When you go to the University of Michigan Hospital, I decided it is like the Walt Disney World of Medicine.  It is like living in Tomorrow Land.  Have you been to Disney?  If so, you know the amazing, organized way they move thousands of people through their intricate system. University of Michigan Hospital does it with their patients.  And like Disney, the employees always have a smile on their face and are willing to help you.  If you stand in a corridor for 30 seconds and look the least confused as to where you are, a minimum of three employees will stop and ask if they can help you.  That means something to a patient.

The biggest thing I have received is the support.  Don’t worry, we can target that specific area, we have drugs that will help that, just relax and enjoy your life.  Let us handle the rest.  And so I am.

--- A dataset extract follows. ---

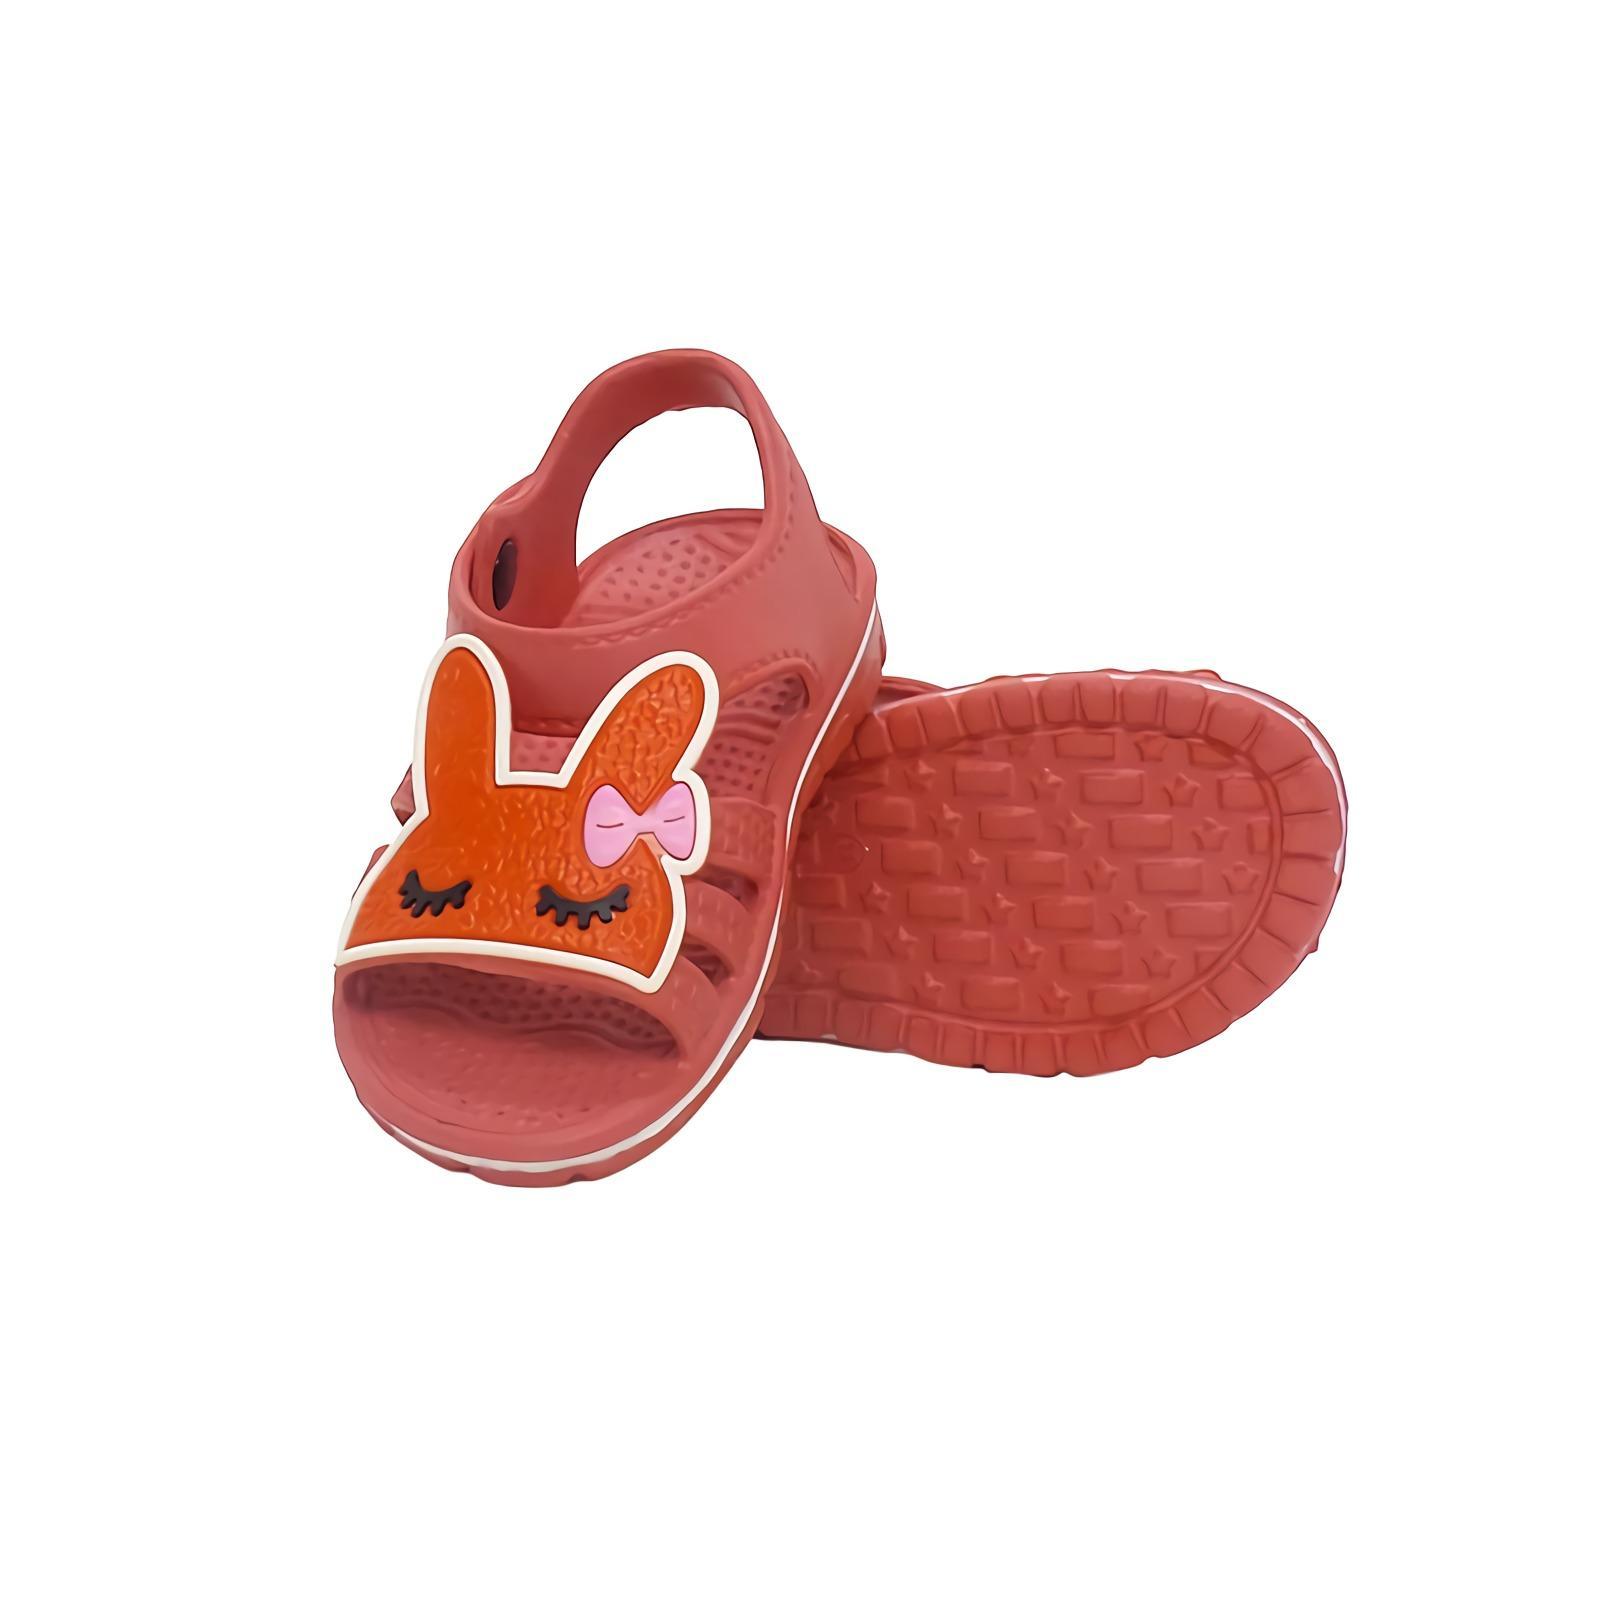 DULUX Sepatu Sandal Anak [24-29] RE-155D Kids Flat Shoes Merah

Check out my new ONLINE STORE:   cropped-cropped-cropped-logofb.jpg

UPDATE:   I have no been a patient there for over 4 months through surgery and chemo.  My opinion has only gotten better of University Of Michigan Breast Care Clinic and Hospital.  It is an amazing place!   One Chemo Nurse told me their philosophy is they never give up on a patient.

FURTHER UPDATE:  It is close to a year since my treatment began at University of Michigan.  I cannot say enough good things about my treatment there.